Sete, infezioni e speranze nel Rojava occupato
Enrico Campofreda dal suo Blog – 1 aprile 2021
Più della pandemia da Covid, come in tanti angoli del mondo comparsa nel tardo inverno 2019, è stato l’autunno di quell’anno a obnubilare le informazioni sulla reale utopia che dal 2012 aveva assunto la denominazione di Rojava. I notiziari hanno perso le tracce di quell’Amministrazione Autonoma dei territori a cavallo d’un confine segnato sulle mappe e nella giurisdizione degli Stati nazionali di Turchia e Siria, una demarcazione che in natura manca poiché gli spazi sono aperti, colorati da una campagna feconda, compresa fra i millenari Eufrate e Tigri, non a caso definita Mezzaluna fertile. I media hanno smarrito le coordinate sul Rojava quando i carri armati turchi iniziavano a occupare e pattugliare 480 km di quel territorio, per una profondità anche di più di trenta.

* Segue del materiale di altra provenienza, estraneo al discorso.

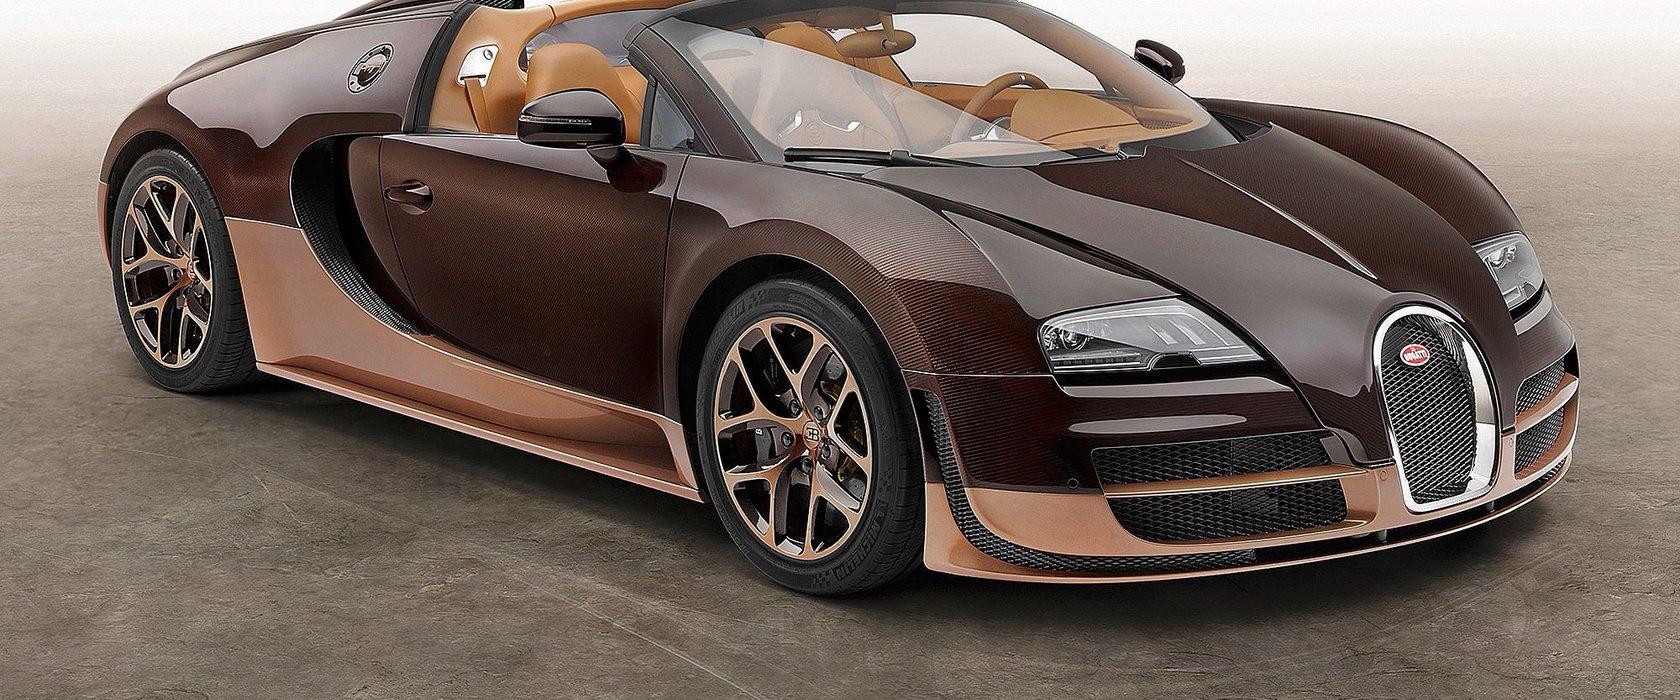 bugatti veyron 16 4 grand sport vitesse rembrandt bugatti red live. Black Bedroom Furniture Sets. Home Design Ideas

Un passo scaturito dagli accordi fra i governi di Ankara, Mosca e Teheran. Con Damasco alla finestra, poiché beneficiando da anni della protezione militare degli alleati russo-iraniani, il fantasma del regime Baath non ha fiatato sull’iniziativa. Anzi, l’ha gradita. Il clan Asad non ha mai amato la comunità kurda che lì vive. L’ha repressa, tutt’al più in certe fasi l’ha tollerata. Ma nella rivolta che dieci anni or sono incendiava un gran pezzo del Medio Oriente – trasformata in Siria in sanguinosissima guerra civile – l’iniziativa dei kurdi di salvaguardare se stessi autodeterminandosi con l’arma della politica e la politica delle armi, è stata subìta dal potere siriano che considerava il Rojava un’usurpazione. Per tacere del sovversivo intento di unire le genti di quella regione: kurdi, arabi, aramaici, armeni, turkmeni, siriaci. Perciò le tre entità statali di Turchia, Siria, Iran accondiscendevano alla sferzante occupazione definita (sic) “Primavera di pace”. Con Putin nel ruolo di frigido arbitro. Le Unità di difesa del popolo e delle donne – che nella carneficina del conflitto siriano tutelavano i propri spazi, soprattutto contro le milizie jihadiste dell’Isis, di Al-Nousra, di Ahrar al-Sham e Faylaq al-Sham (con undicimila le vittime fra militanti e civili) – dopo i successi ottenuti sul campo, erano costrette a una ritirata strategica verso est, nel Kurdistan propriamente detto, seguite da più di mezzo milione di abitanti. Eppure gli altri quattro milioni continuavano e continuano a vivere e convivere con le citate etnìe nelle città e villaggi, dove il presente è diventato difficile per il sopraggiungere della pandemia e lo scorrazzare dell’esercito turco.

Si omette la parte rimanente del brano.